Et ce seul mot, « Victoire ! », devint un cri puissant hurlé par des milliers de gorges. « Nika ! Nika ! Victoire ! »
Théodora se mit à rire. Justinien, fronçant les sourcils, s’entretint avec des officiers de sa garde impériale. Les Verts et les Bleus descendirent de l’hippodrome, suivis par une foule joyeuse et hurlante, d’humeur destructive. Nous sommes restés en arrière, à une distance judicieuse ; je vis d’autres petits groupes de spectateurs tout aussi prudents, et je sus qu’ils n’étaient pas Byzantins.
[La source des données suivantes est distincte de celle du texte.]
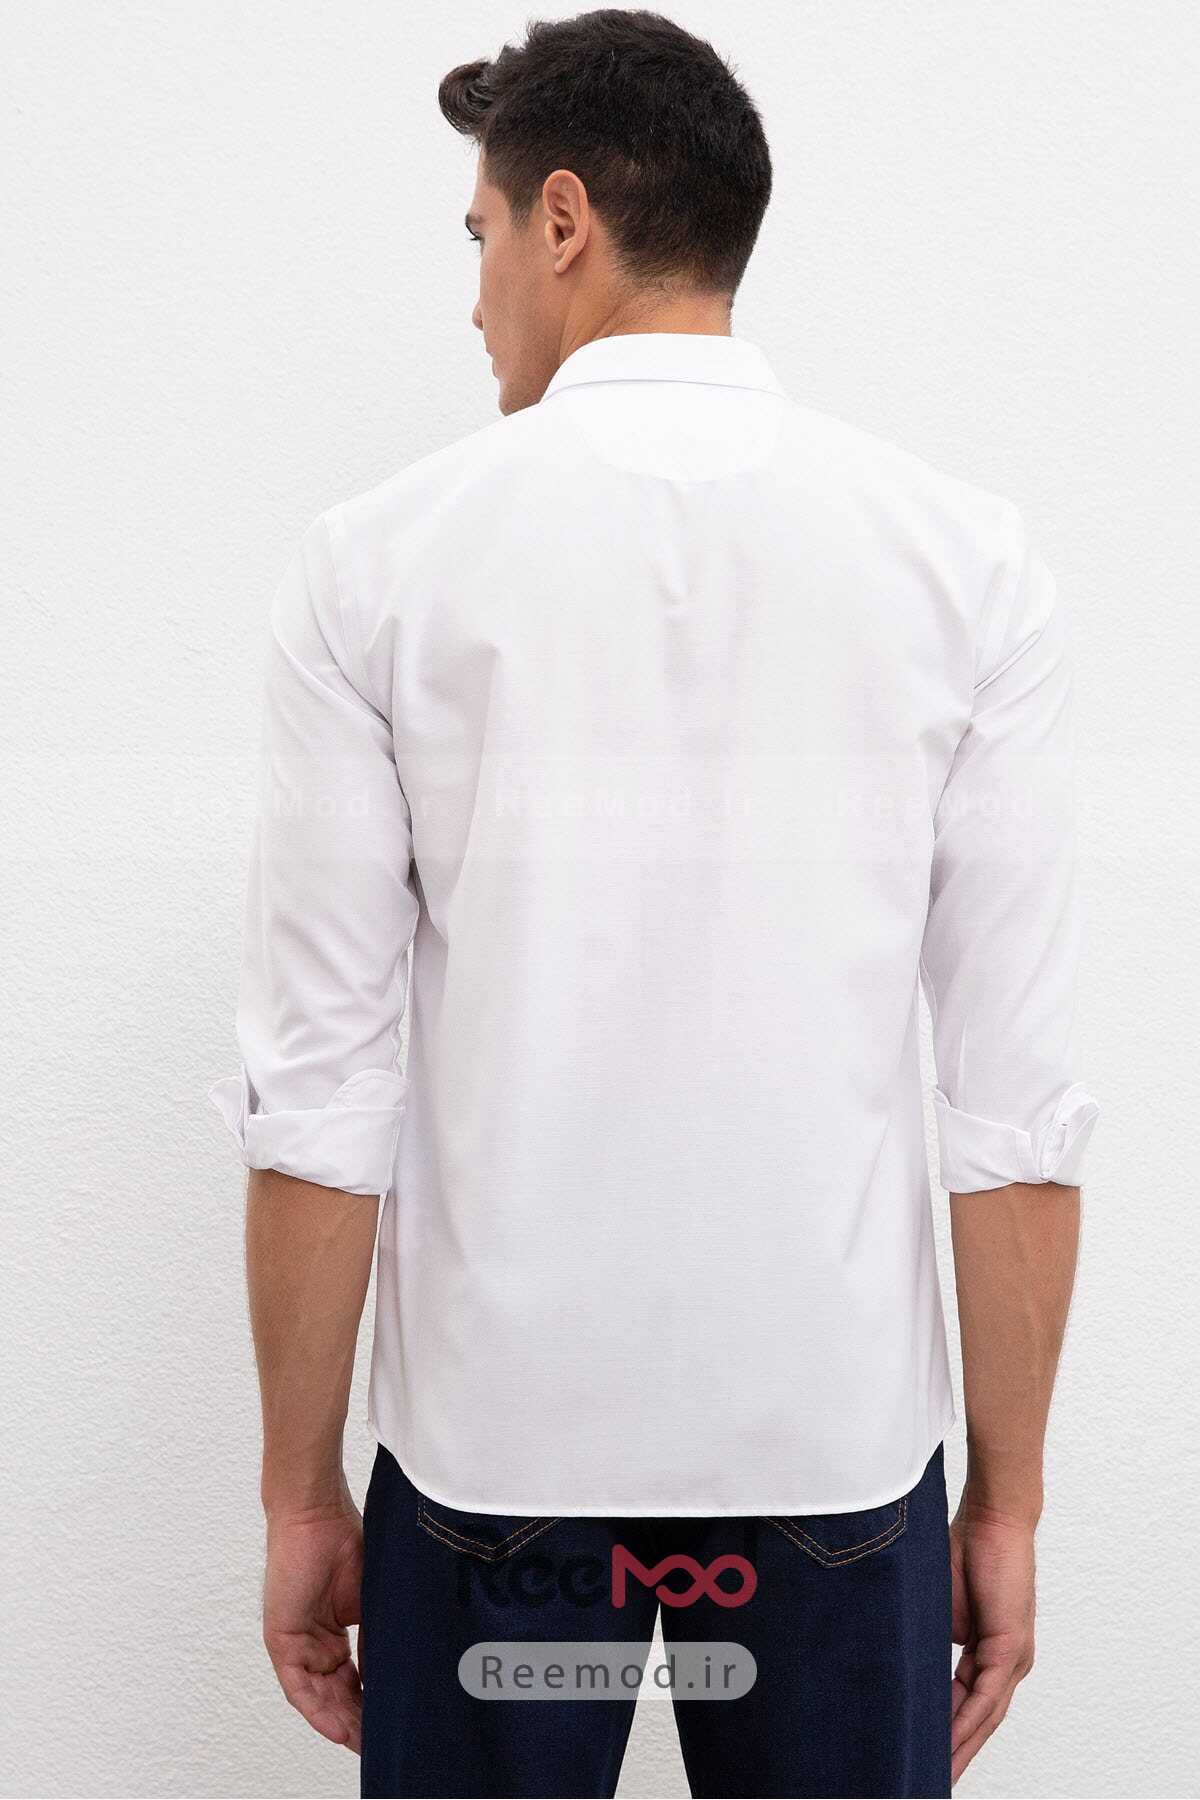 پیراهن مردانه یقه باریک سفید برند U.S. Polo

Des torches éclairaient les rues. La prison impériale était en feu. Les prisonniers étaient libérés, les geôliers brûlaient. La propre garde de Justinien, craignant d’intervenir, regardait discrètement tout cela. Les émeutiers empilaient des fagots contre la porte du Grand Palais, sur la place de l’hippodrome. Bientôt, le palais fut la proie des flammes. La Sainte-Sophie de Théodose fut incendiée ; des prêtres barbus, tenant de précieuses icônes, apparurent sur le toit embrasé avant de tomber dans cet enfer. Le feu gagna le bâtiment du Sénat. C’était une orgie de destructions. Dès que des émeutiers hargneux s’approchaient de nous, nous réglions nos chronos et redescendions la ligne, prenant soin de ne pas sauter de plus de dix ou quinze minutes à chaque fois pour éviter de réapparaître au beau milieu d’un feu n’ayant pas été allumé au moment de notre départ.
— Nika ! Nika !
Le ciel de Constantinople était noir d’une épaisse fumée, et des flammes dansaient à l’horizon. Metaxas, son visage osseux couvert de crasse et de suie, les yeux luisants d’excitation, paraissait à chaque instant sur le point de nous lâcher pour rejoindre les destructeurs.
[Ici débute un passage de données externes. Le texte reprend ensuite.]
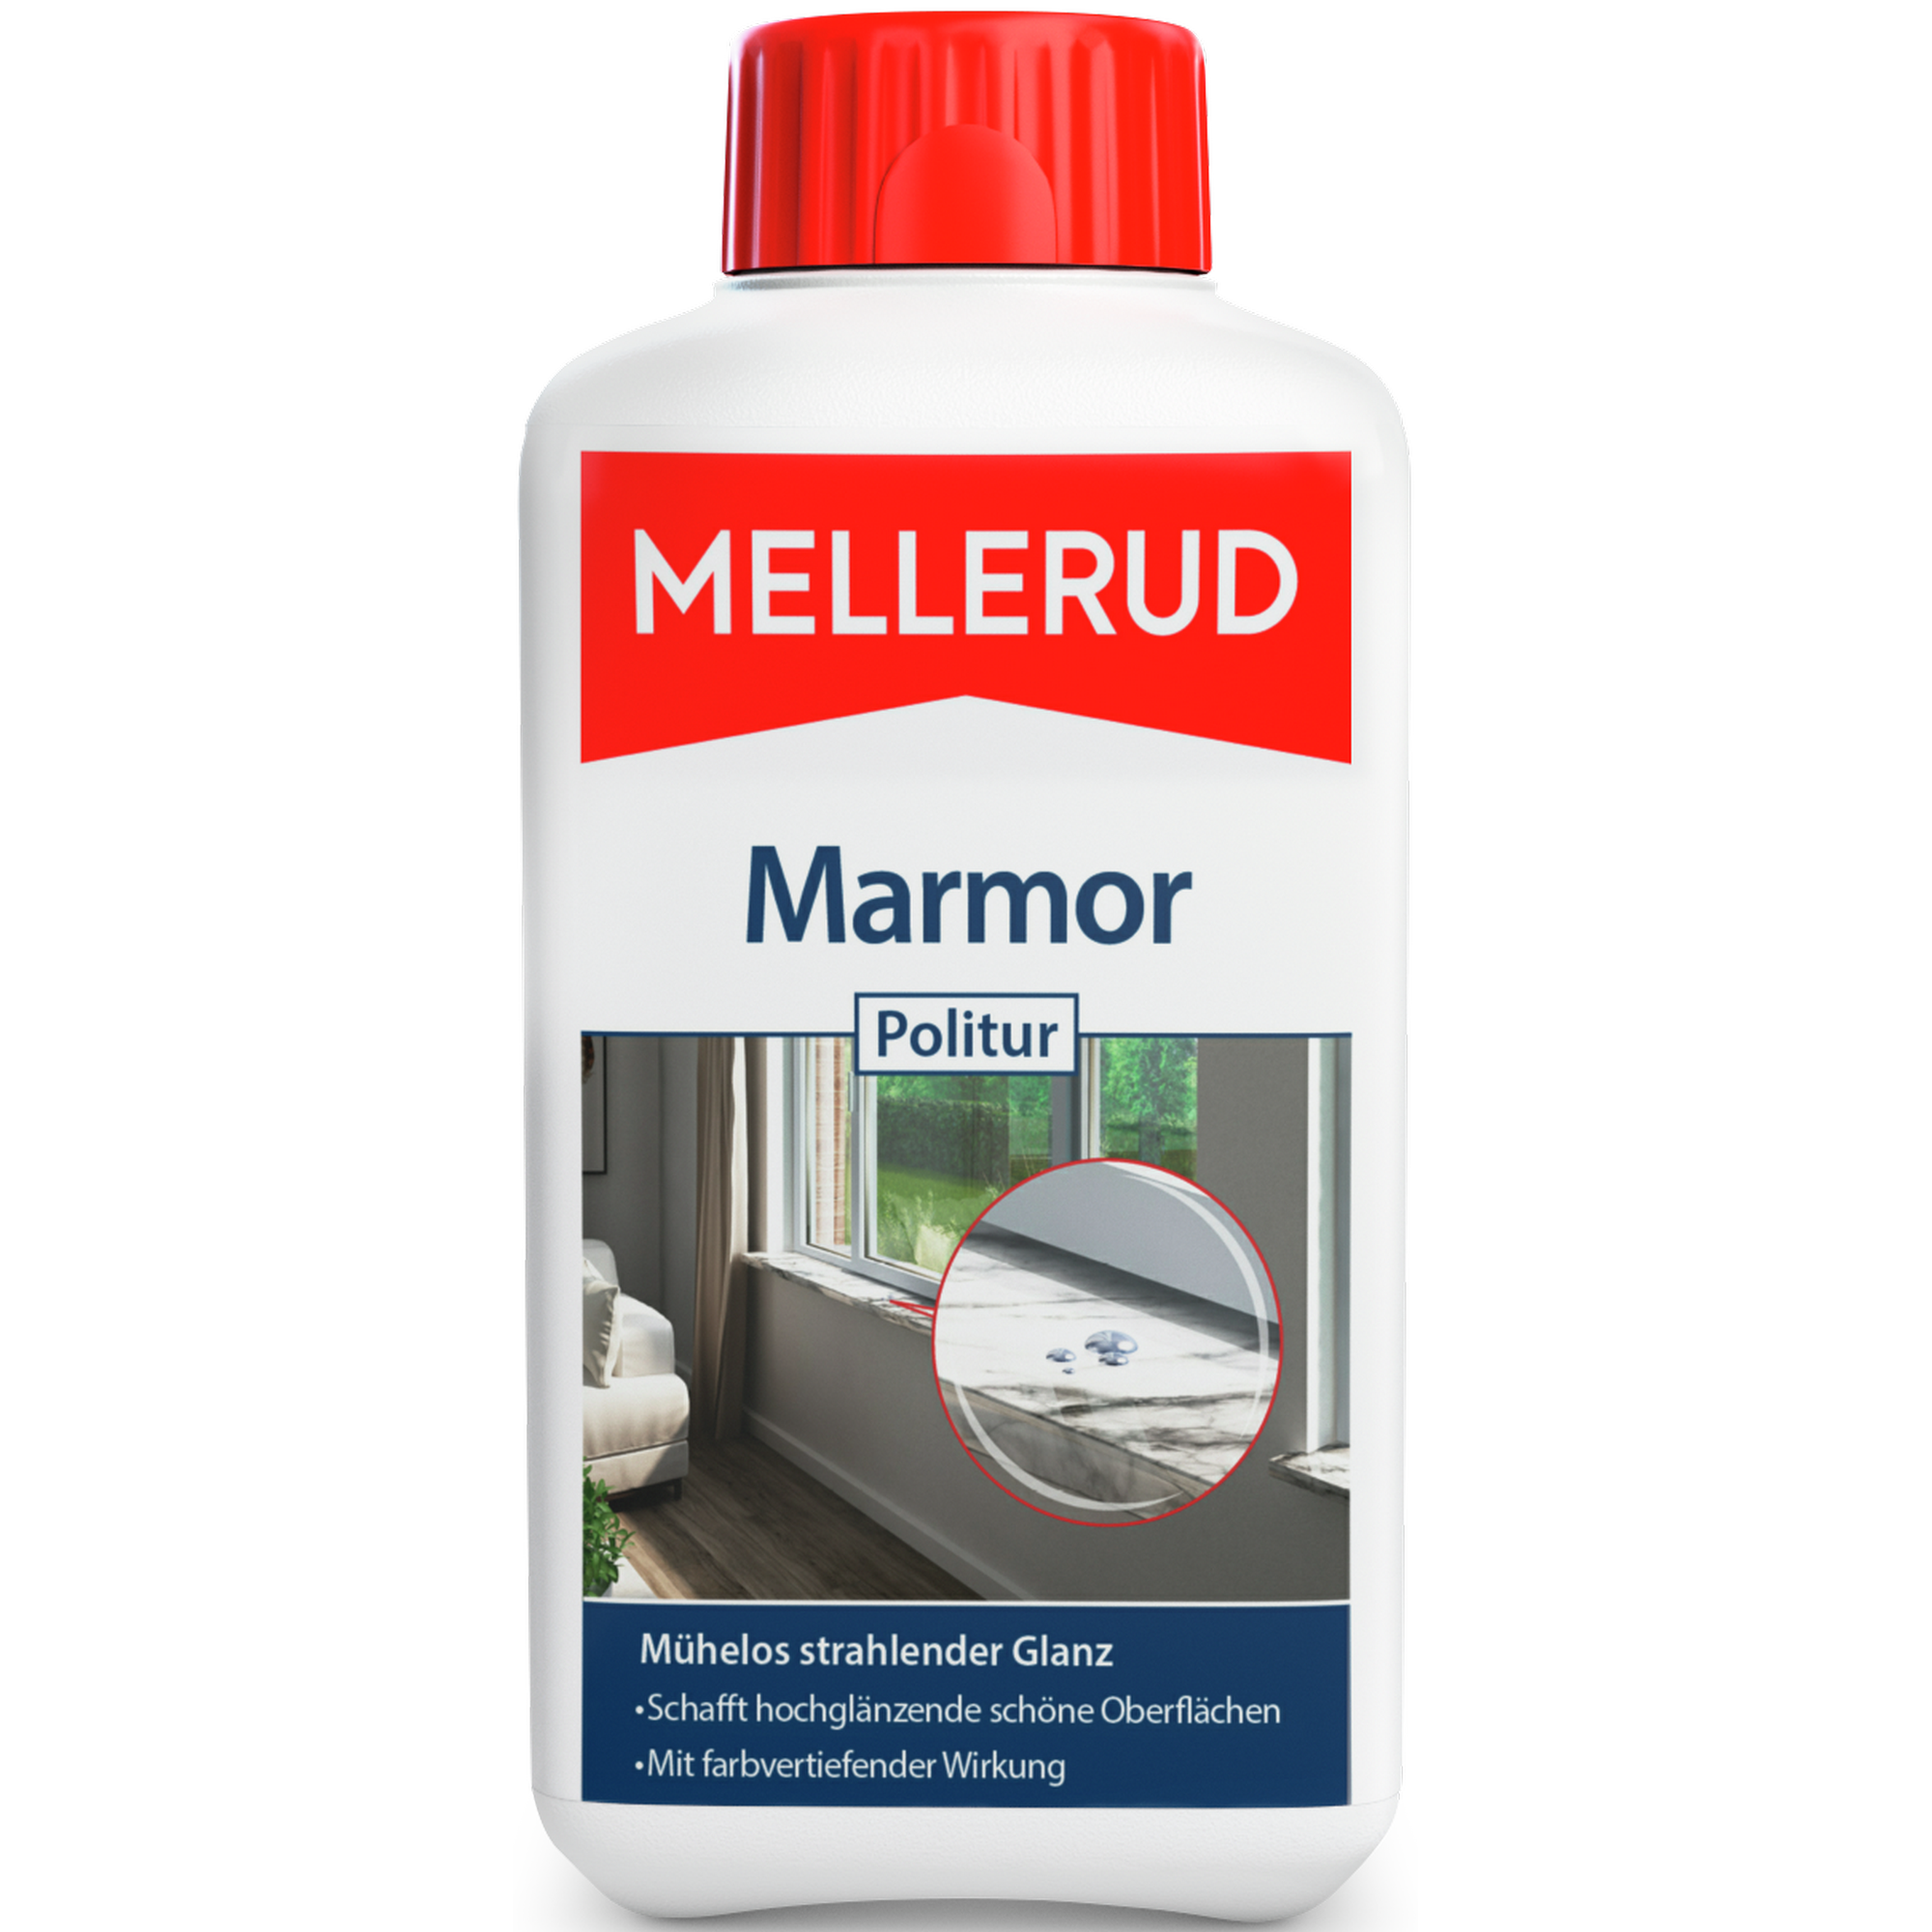 Marmorpolitur "Spezialpflege" 500 ml + product picture

— Les pompiers eux-mêmes sont en train de piller, nous dit-il. Et regardez : les Bleus brûlent les maisons des Verts, et les Verts incendient les maisons des Bleus !
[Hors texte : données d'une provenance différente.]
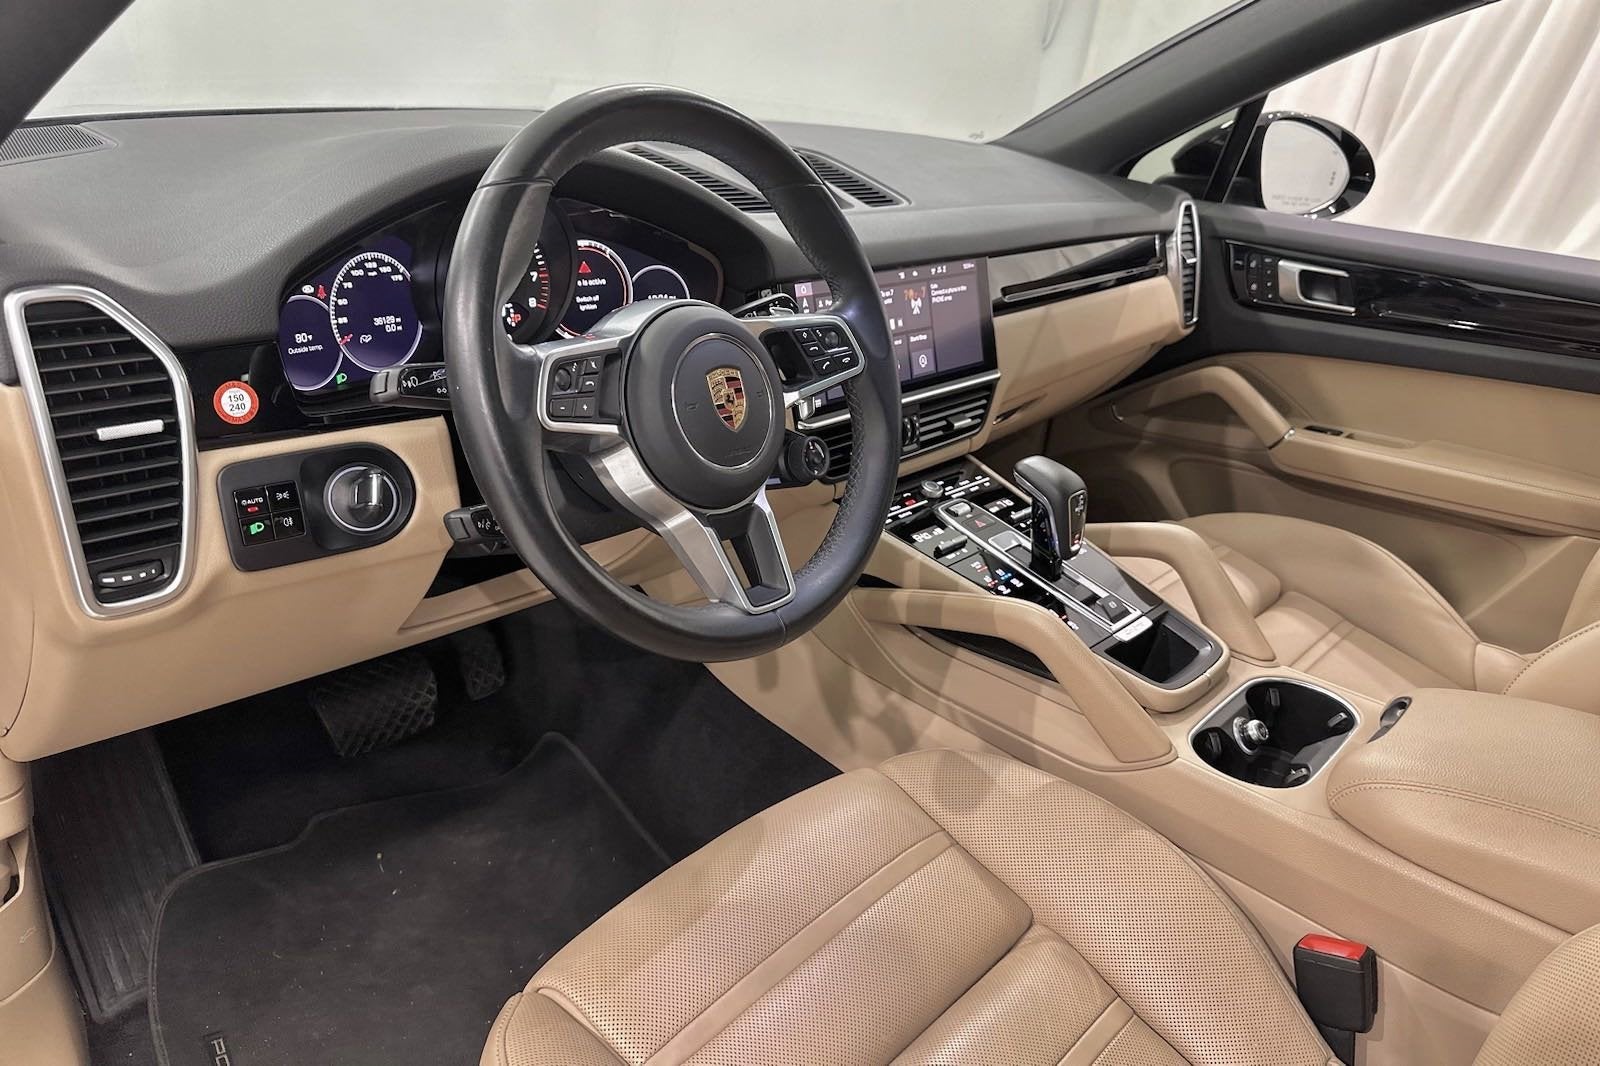 2021 Porsche Cayenne Coupe AWD

Un formidable exode commença, car les citoyens terrifiés couraient vers les quais pour supplier les marins de les faire passer du côté asiatique. Sains et saufs, invulnérables, nous marchions dans cet holocauste, voyant s’effondrer les murs de l’ancienne Sainte-Sophie, regardant les flammes se répandre dans le Grand Palais, observant le comportement des pillards, des incendiaires et des hommes qui violaient, s’arrêtant au milieu des allées jonchées de braises pour baiser quelque femme noble vêtue de soie, hurlante et pleine de sperme prolétarien.
Metaxas nous commentait soigneusement les émeutes ; il avait tout chronométré des douzaines de voyages plus tôt, et il savait exactement où il fallait se trouver.
— Nous sautons maintenant de six heures quarante minutes, dit-il.
— Maintenant, nous allons sauter de trois heures et huit minutes.
— Nous allons maintenant sauter d’une heure et demie.
— Maintenant, nous allons sauter de deux jours.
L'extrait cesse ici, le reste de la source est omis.